**WHAT TO PRODUCE**: Where the line containing "Armstrong World Industries Logo.jpg" appears, begin retyping; continue exactly through the final line of the data. Omit every picture.

**DATASET EXTRACT**:
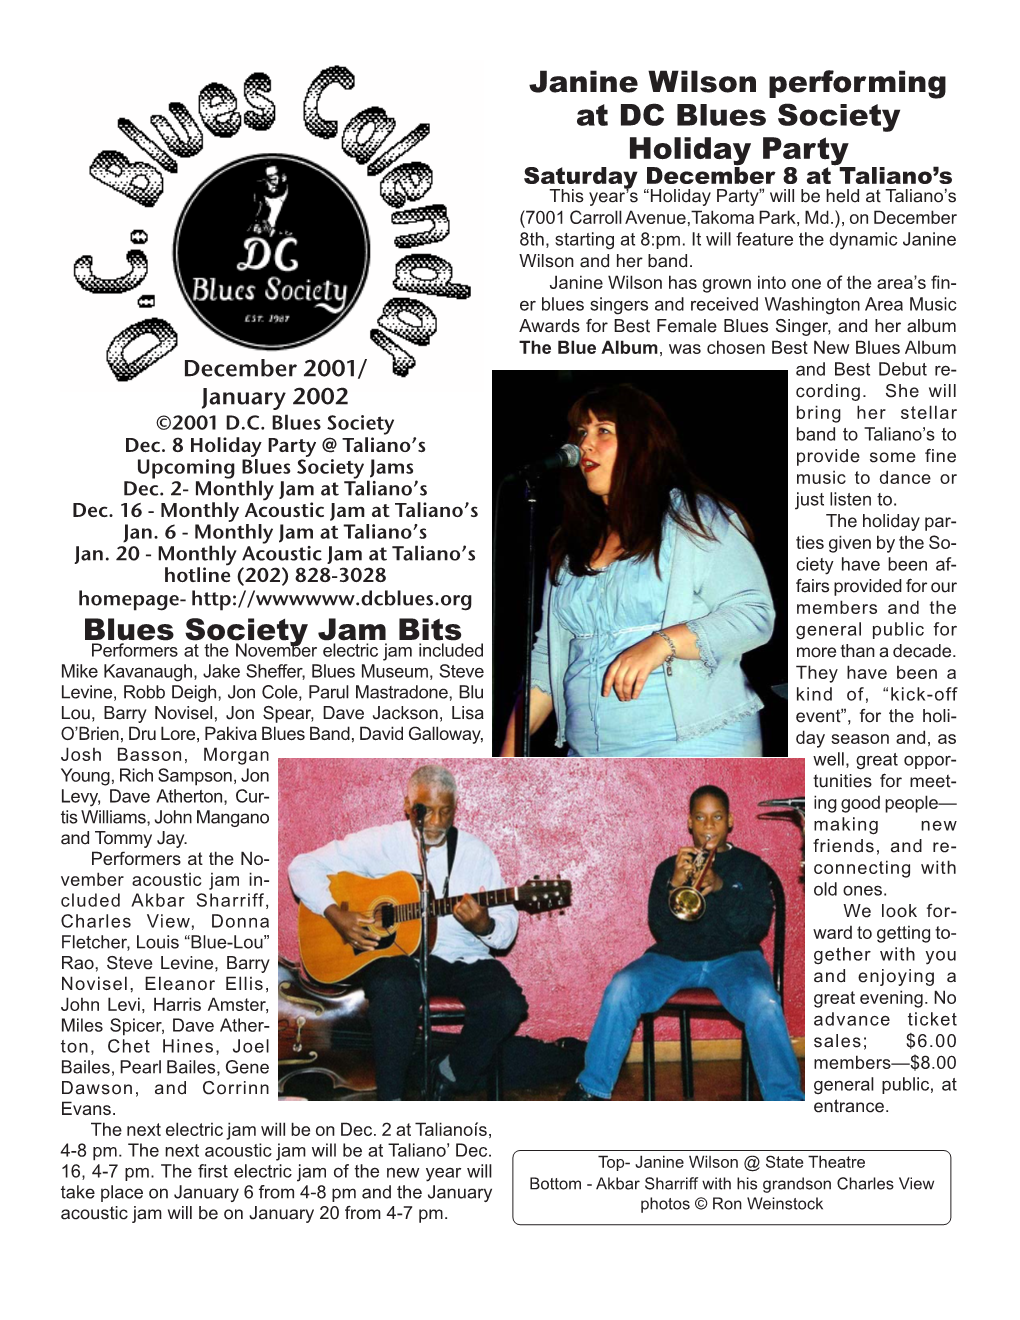 Janine Wilson Performing at DC Blues Society Holiday Party Blues Society Jam Bits
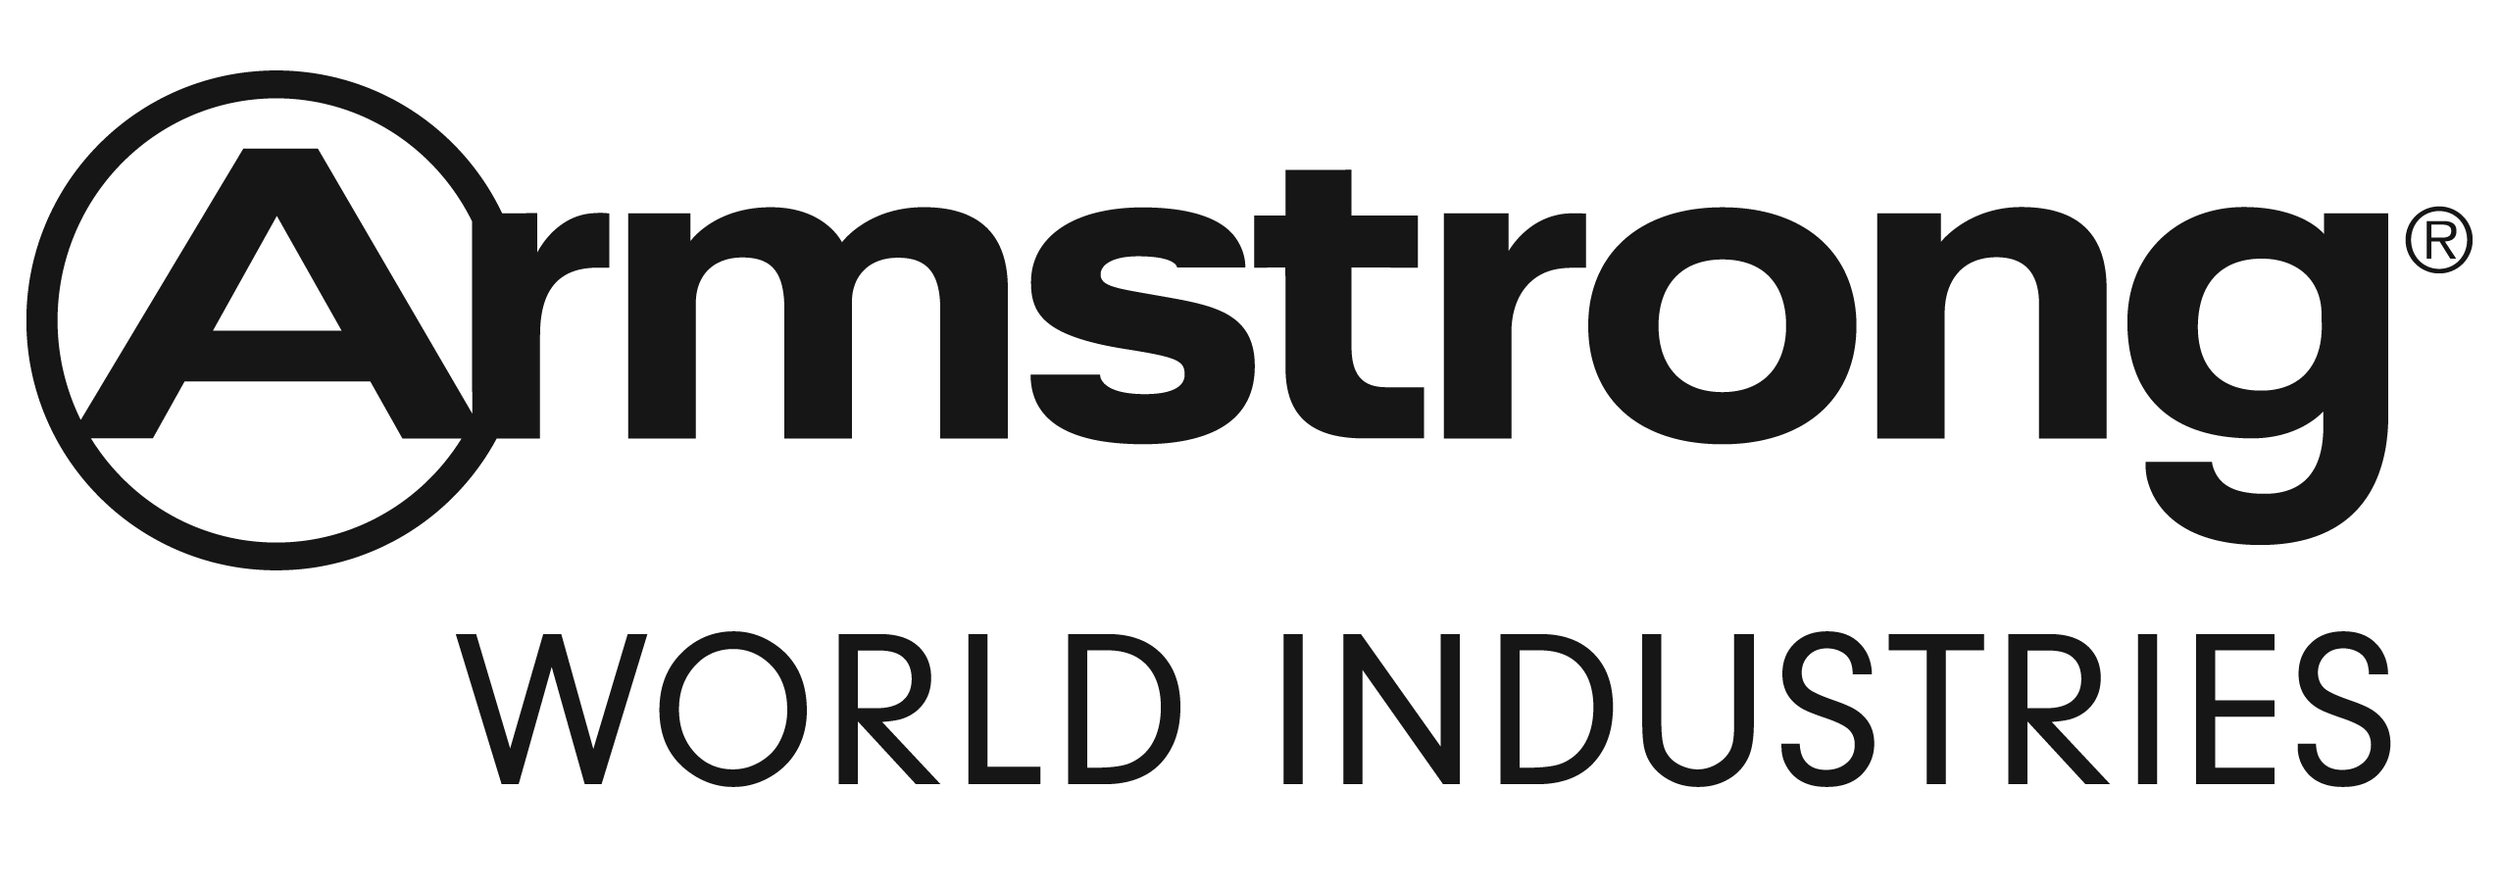 Armstrong World Industries Logo.jpg
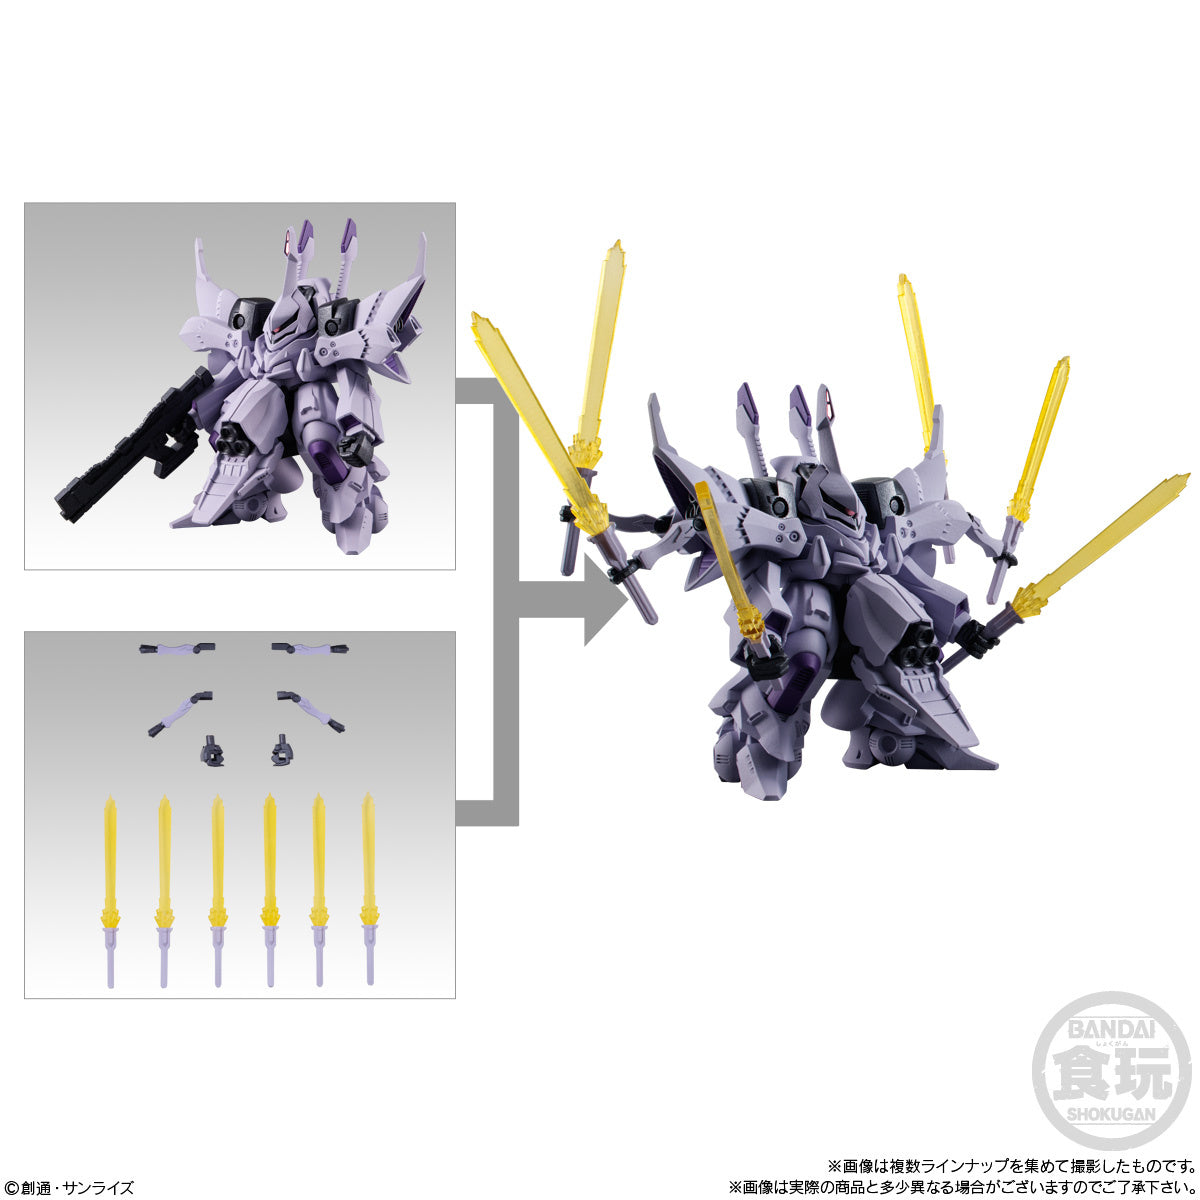 Bandai - Shokugan - Mobile Suit Gundam - FW Gundam Converge 
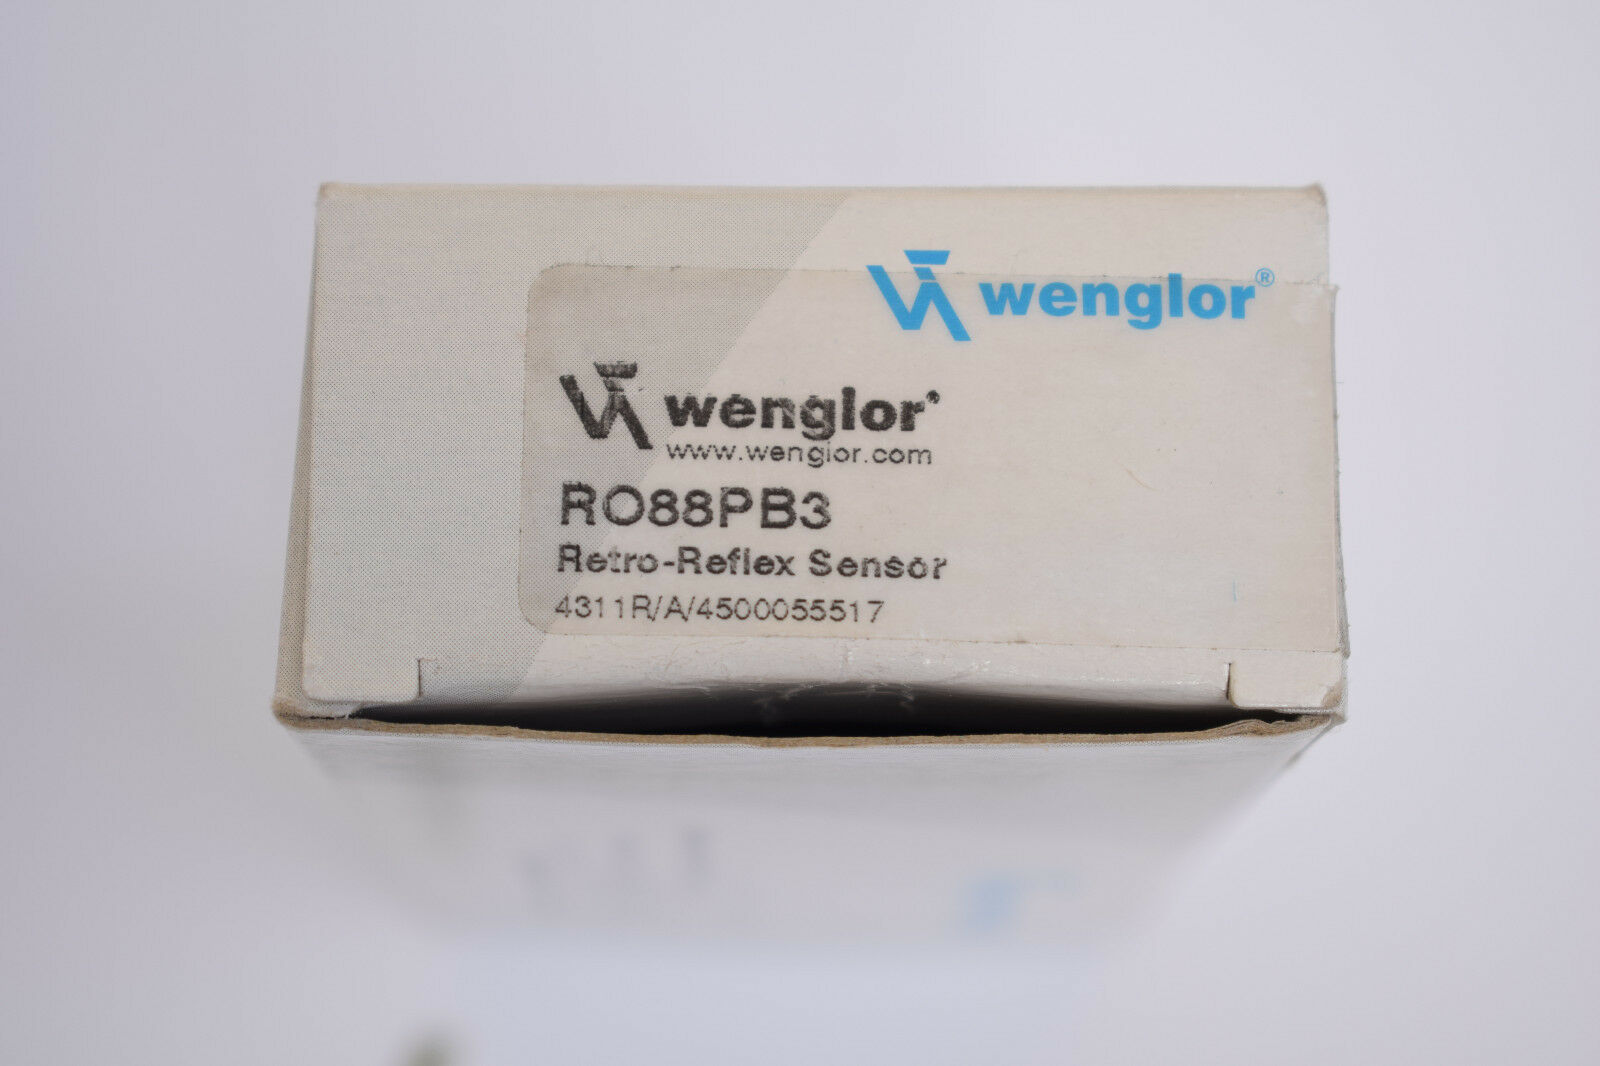 Wenglor Retro-Reflex Sensor RO88PB3

**ANSWER SPACE**:
 Armstrong World Industries Logo.jpg
 Bandai - Shokugan - Mobile Suit Gundam - FW Gundam Converge 
 Wenglor Retro-Reflex Sensor RO88PB3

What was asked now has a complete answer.